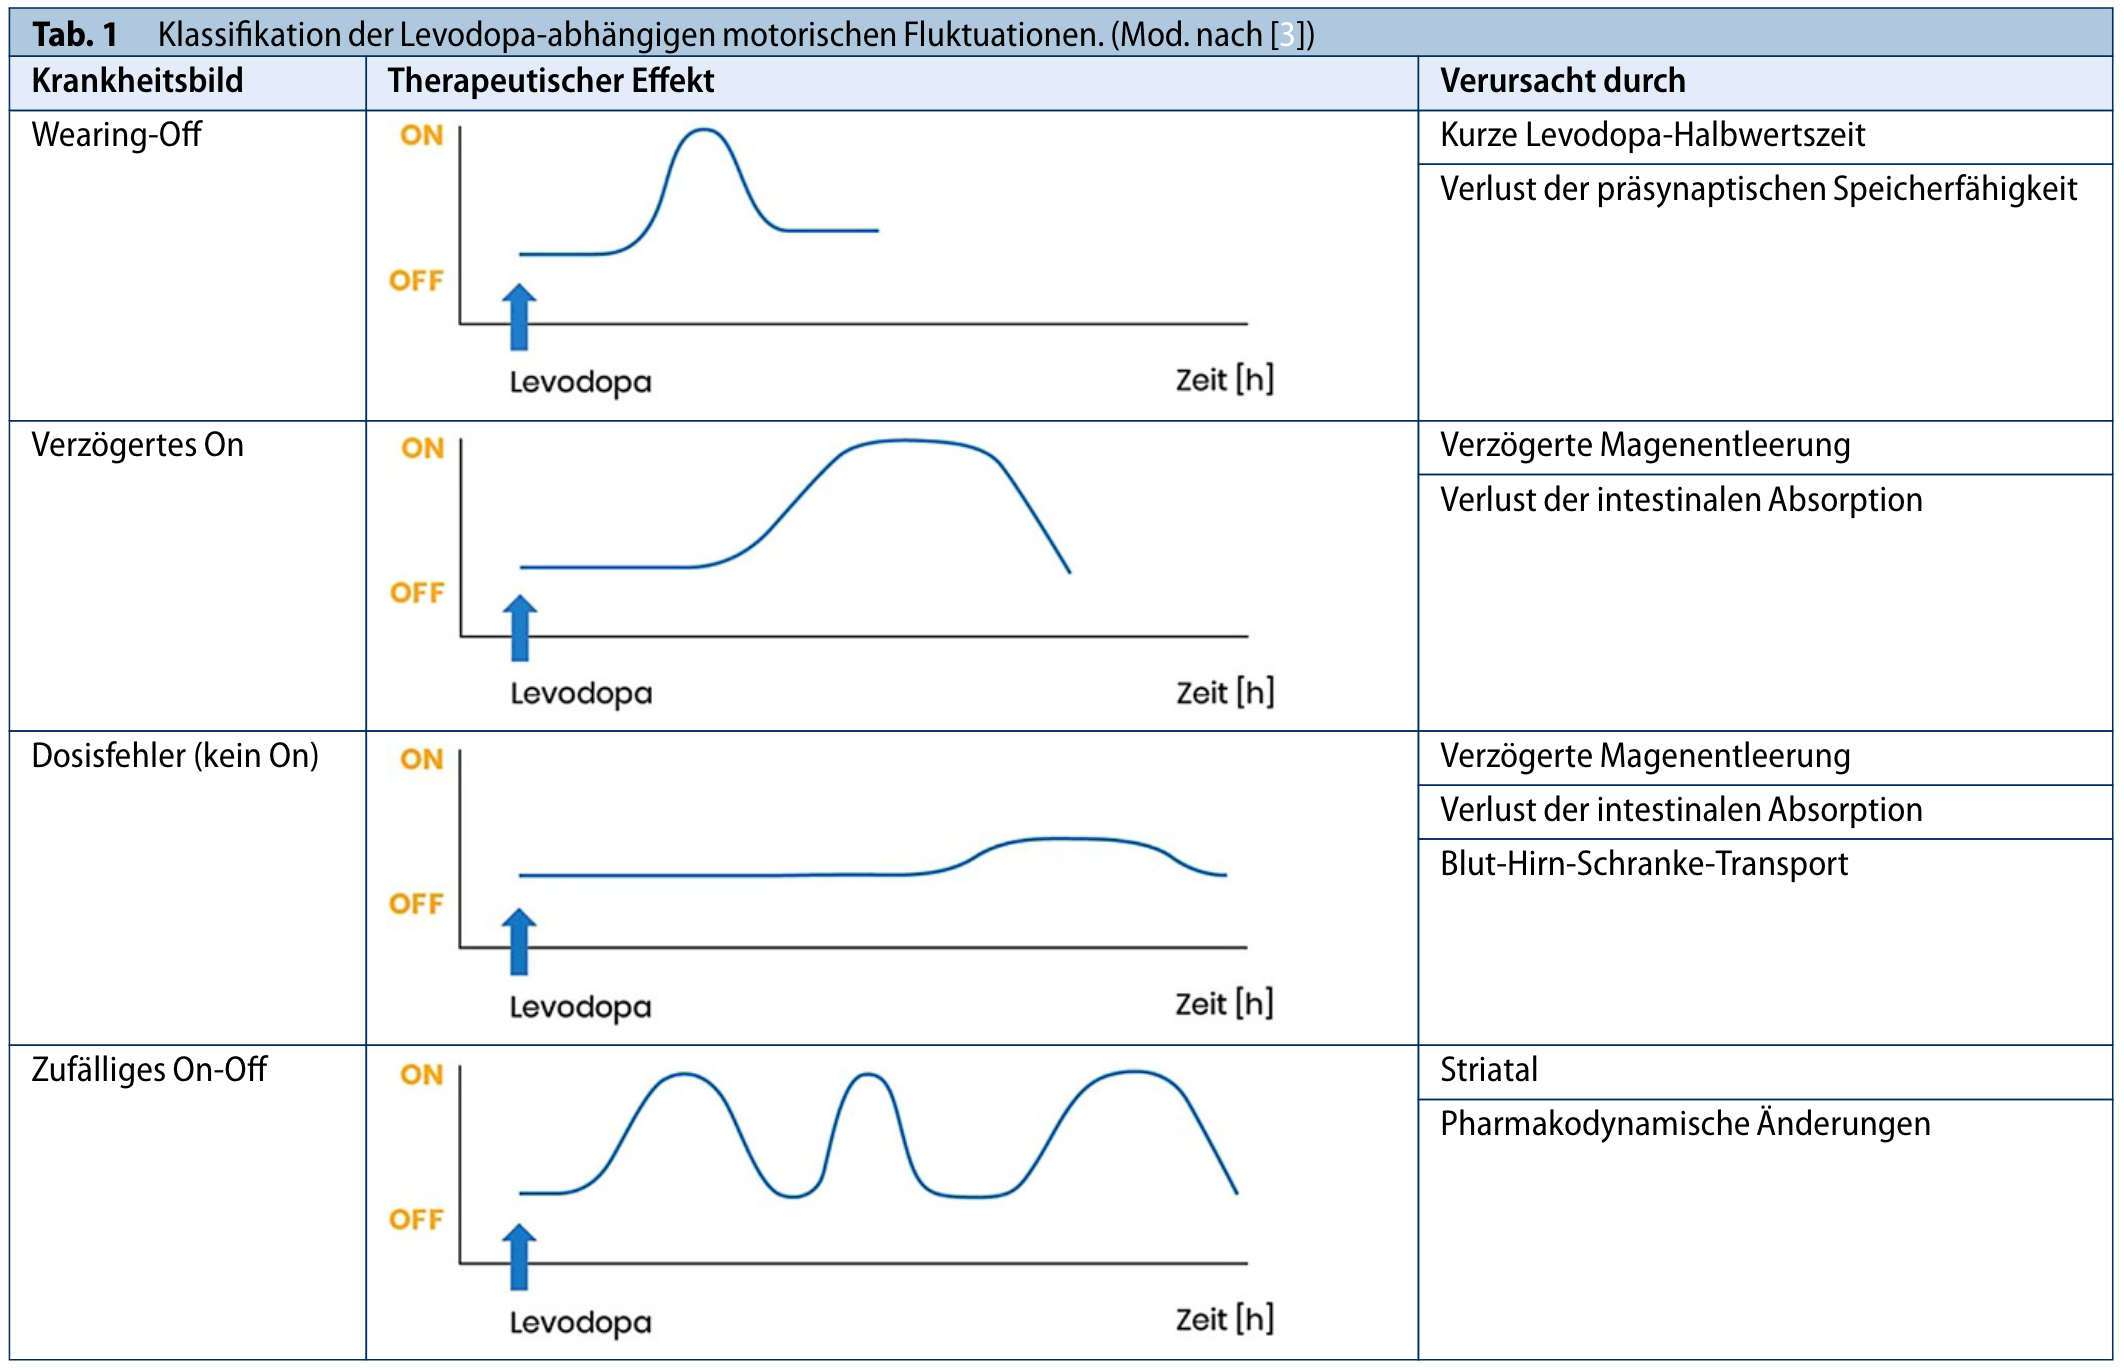 aus: Jost WH, Buhmann C, Classen J, et al. Stellenwert der COMT-Hemmer in der Therapie motorischer Fluktuationen. Nervenarzt. 2022;93(10):1035-1045.
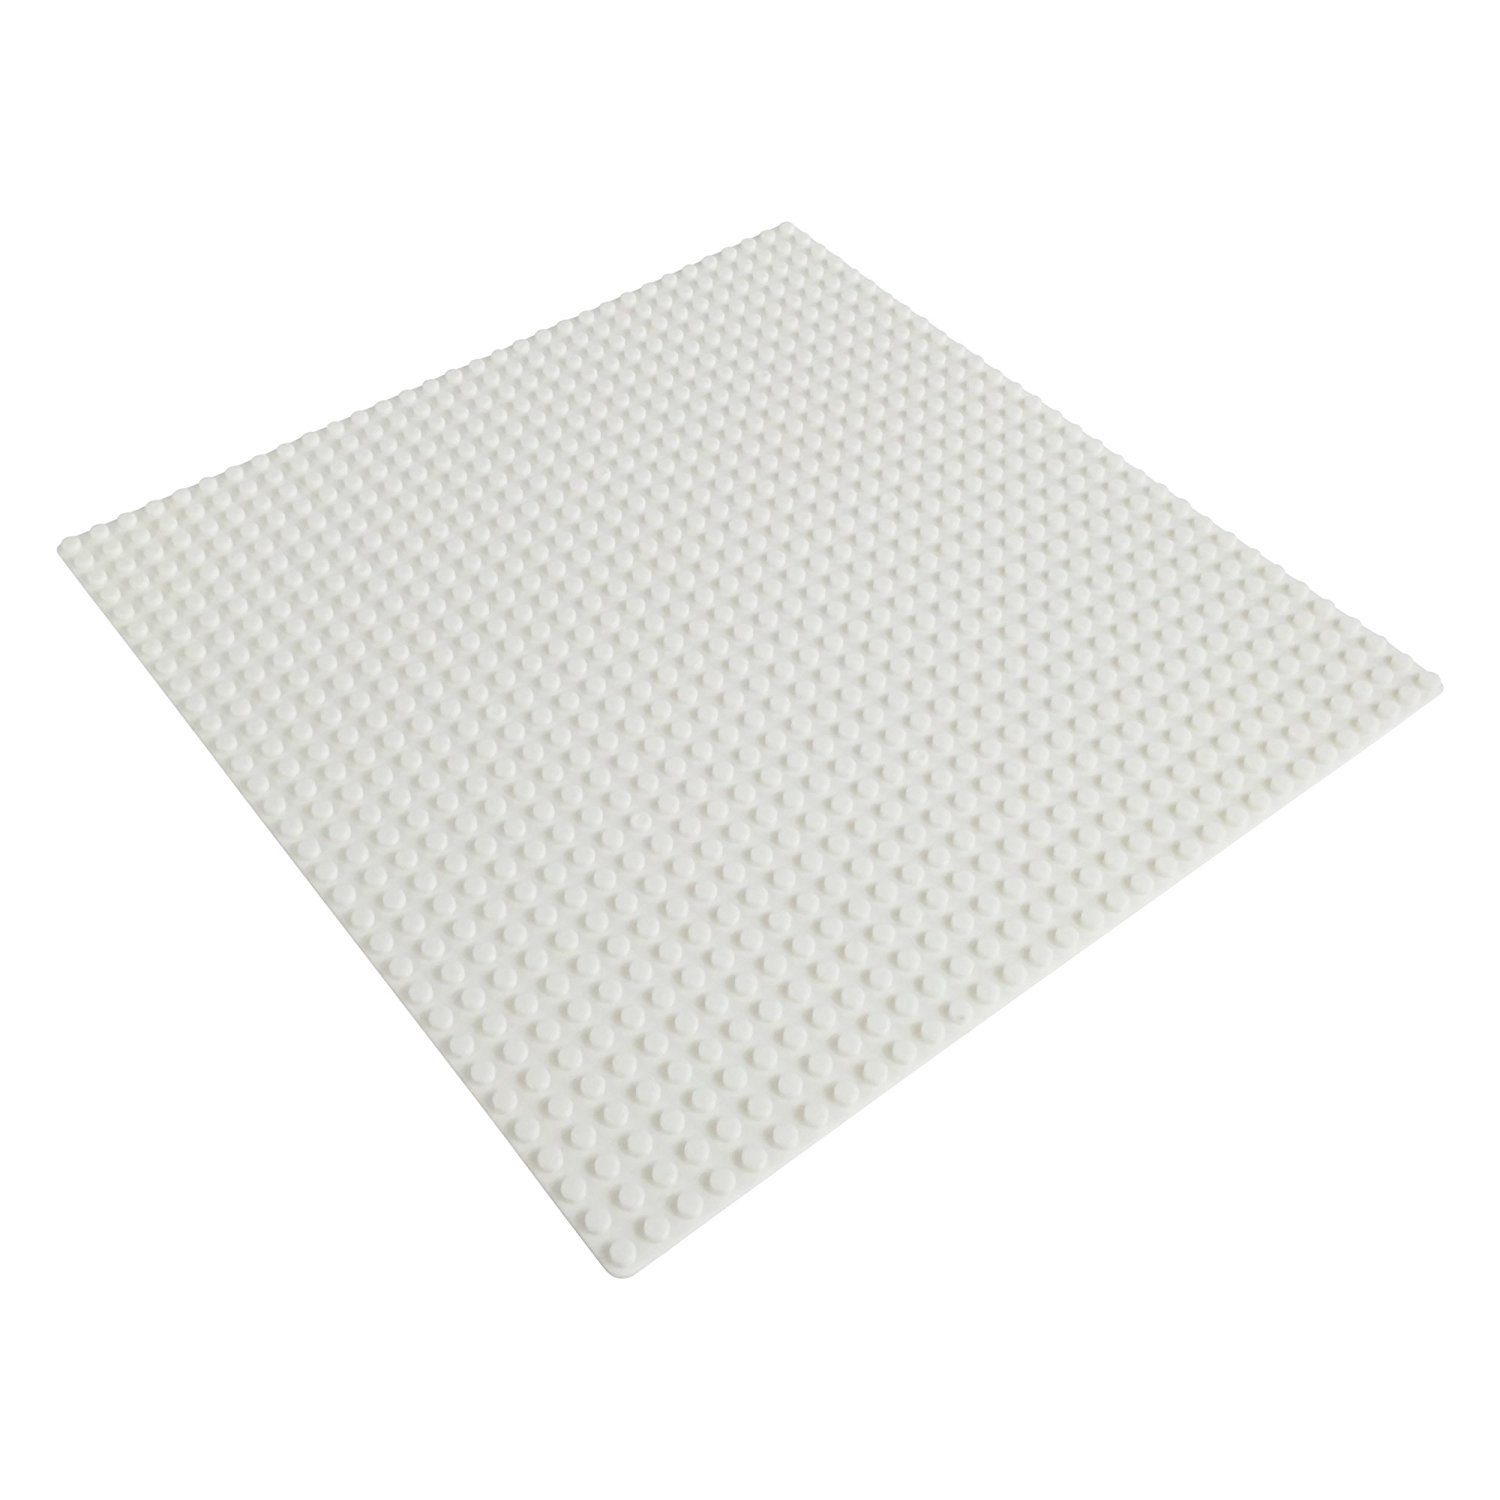 Katara Konstruktionsspielsteine Grundbauplatte 32x32 Noppen, verschiedene Farben, (1er Set), Weiß, 100% Kompatibel Sluban, Papimax, Q-Bricks, LEGO®
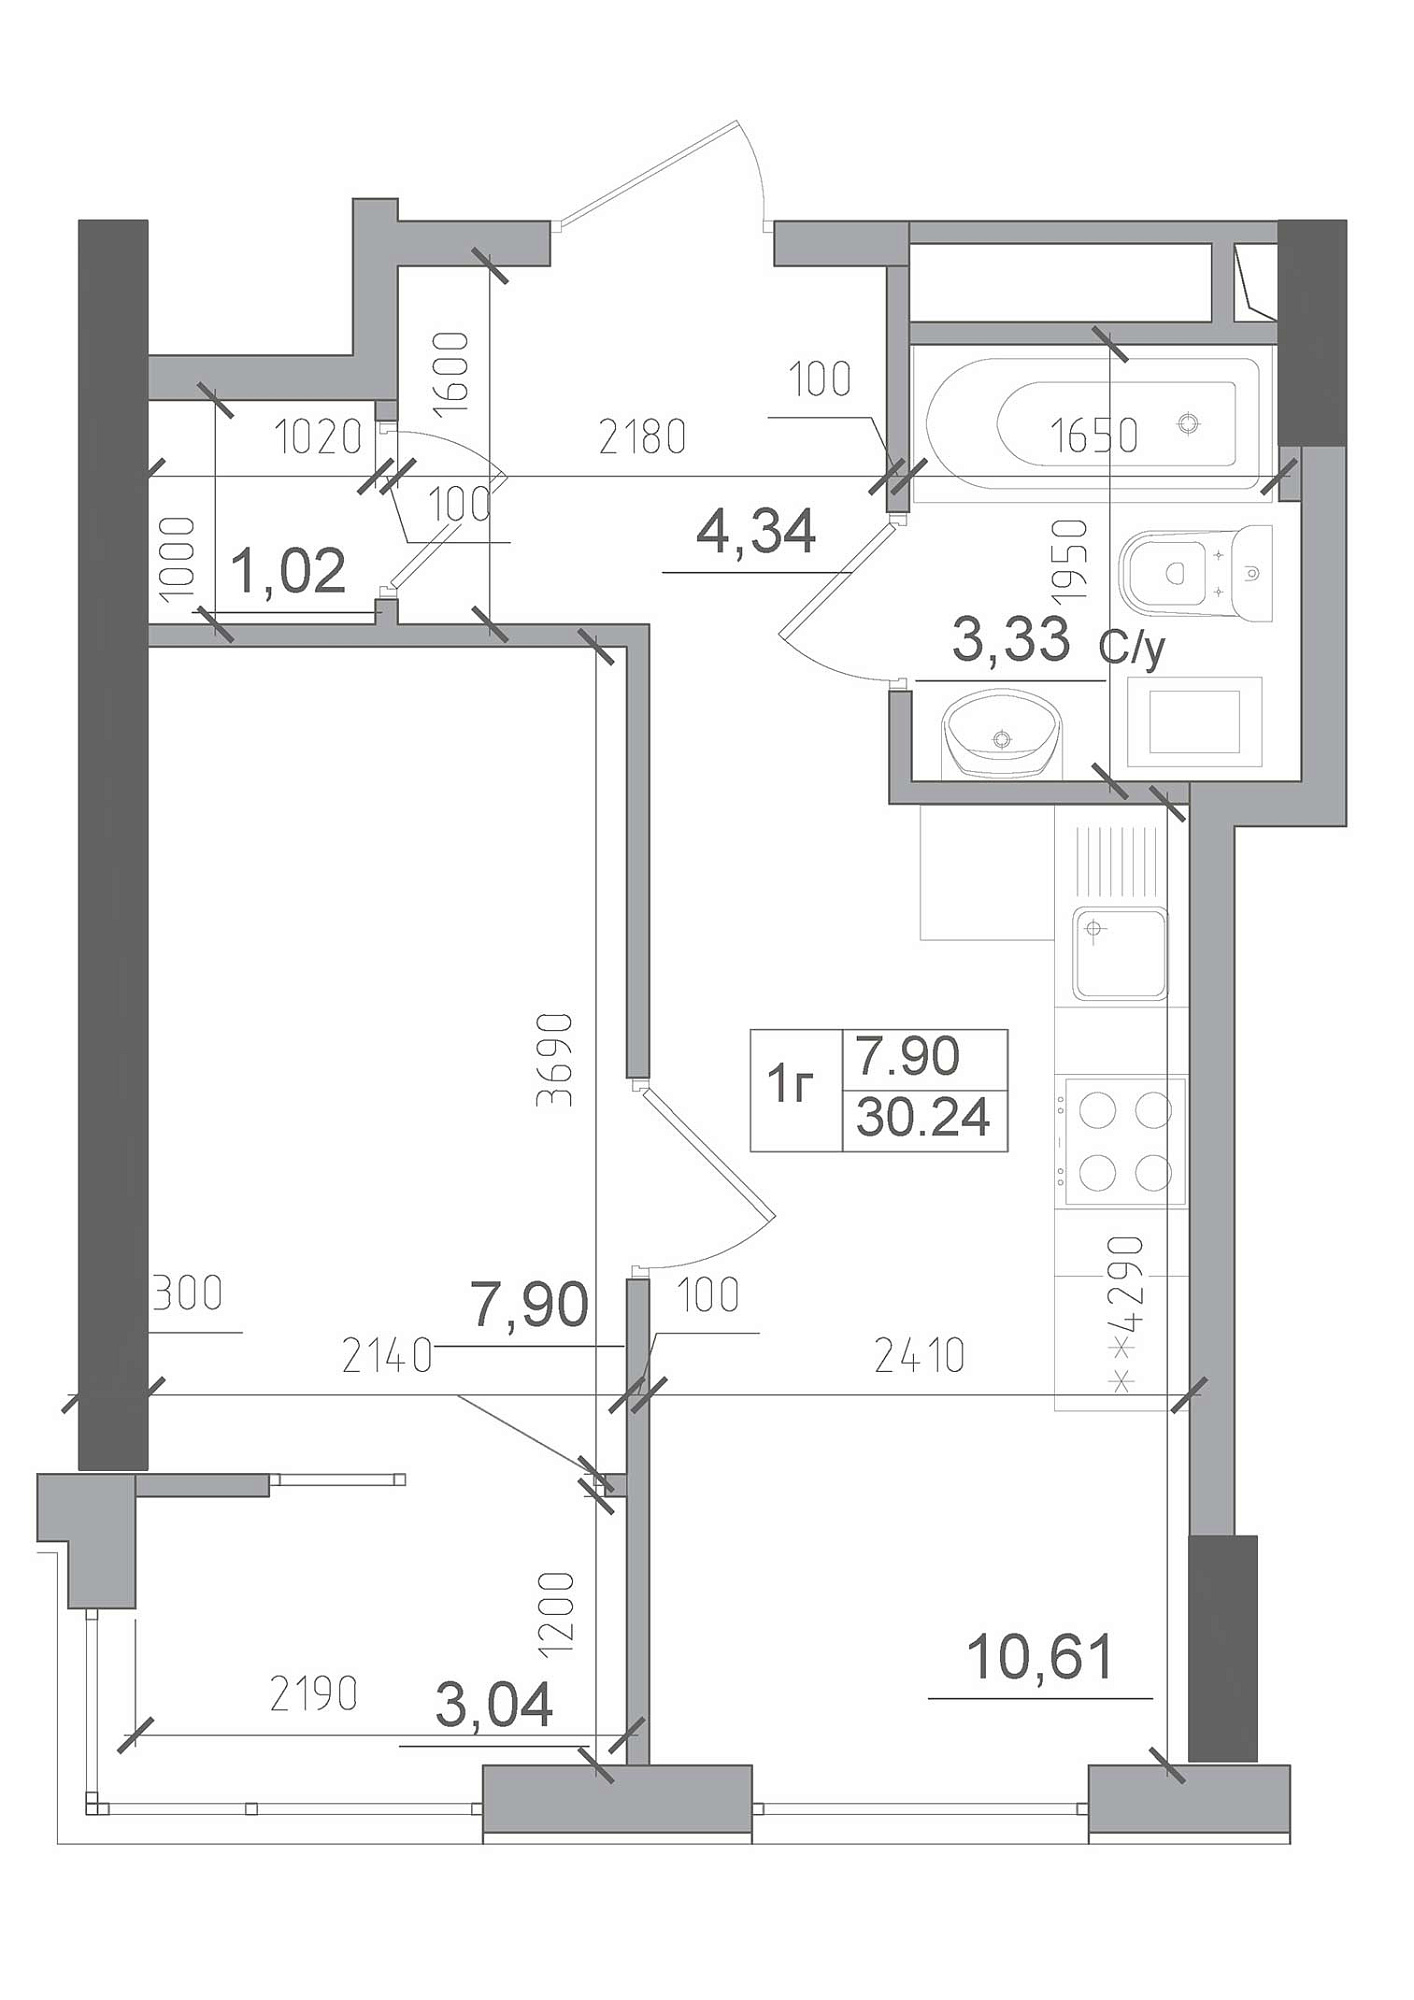 Планировка 1-к квартира площей 30.24м2, AB-22-01/00005.

- - -

• Task item:
Find the line containing "Katara Konstruktionsspielsteine Grundbauplatte" and copy it and each line after it through the end of the material, exactly, with no pictures.

• Answer area:
 Katara Konstruktionsspielsteine Grundbauplatte 32x32 Noppen, verschiedene Farben, (1er Set), Weiß, 100% Kompatibel Sluban, Papimax, Q-Bricks, LEGO®
 Планировка 1-к квартира площей 30.24м2, AB-22-01/00005.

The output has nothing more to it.